She rested on her bed in the old hut, turning over these things in
her head . . . these silhouettes from the past . . . these images that refused to be burnt right out of her life and memory. She wanted a new life . . . clean . . . she felt this was the meaning of her recent escape! Already she felt the stirrings of a new person . . . she had after all been baptized by fire. And to think that it was Munira and Abdulla who were instrumental in her double narrow escapes, in her getting yet another chance to try out new paths, new possibilities? Yet would there now be any better chance for her? Whatever would happen to her she would always shiver at the horror of that moment . . . she still wondered how or from where she could have got the strength to do what she had done . . .

Somebody knocked at the door. Who could it be? There was another knock, then the door opened and—

‘Mother!’ Wanja gasped.

‘My child . . . fire again!’ her now aged mother cried out. They wept together, maybe both weeping out their different memories.

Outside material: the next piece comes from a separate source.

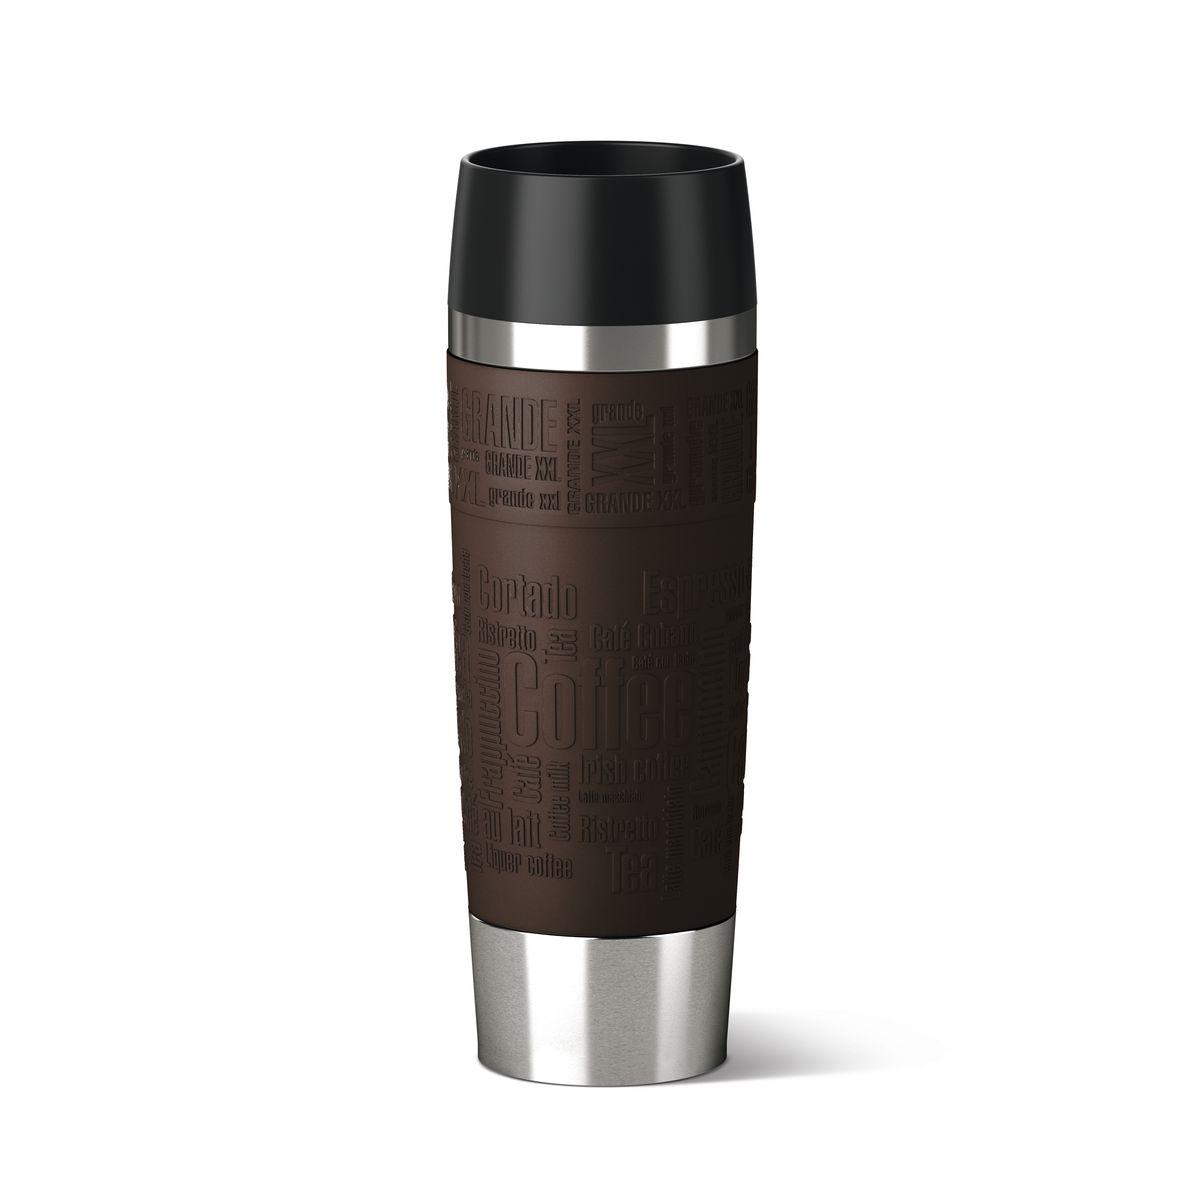 Термокружка Emsa Travel Mug Grande, цвет: коричневый, стальной, 500 мл

‘A whole month, and I did not know. I heard about it only the other day and that from a mere stranger!’

And she explained how an acquaintance had asked after Wanja’s health, whether she had recovered from the fire. And Wanja’s mother had felt very weak at the knees and she was only able to stand and walk because of her faith in the mercy and the infinite justice of Christ.

For the next few weeks they just talked, softly, treading toward the past, but never quite bringing it into the open. The only thing they discussed at length was their refusal to go to Tea. Wanja was thinking: maybe nobody could really escape his fate. Maybe life was a series of false starts, which, once discovered, called for more renewed efforts at yet another beginning. Suddenly she could no longer keep her fears and hopes from the elder woman:

‘I think . . . I am . . . I think I am with child. No, I am sure of it, mother.’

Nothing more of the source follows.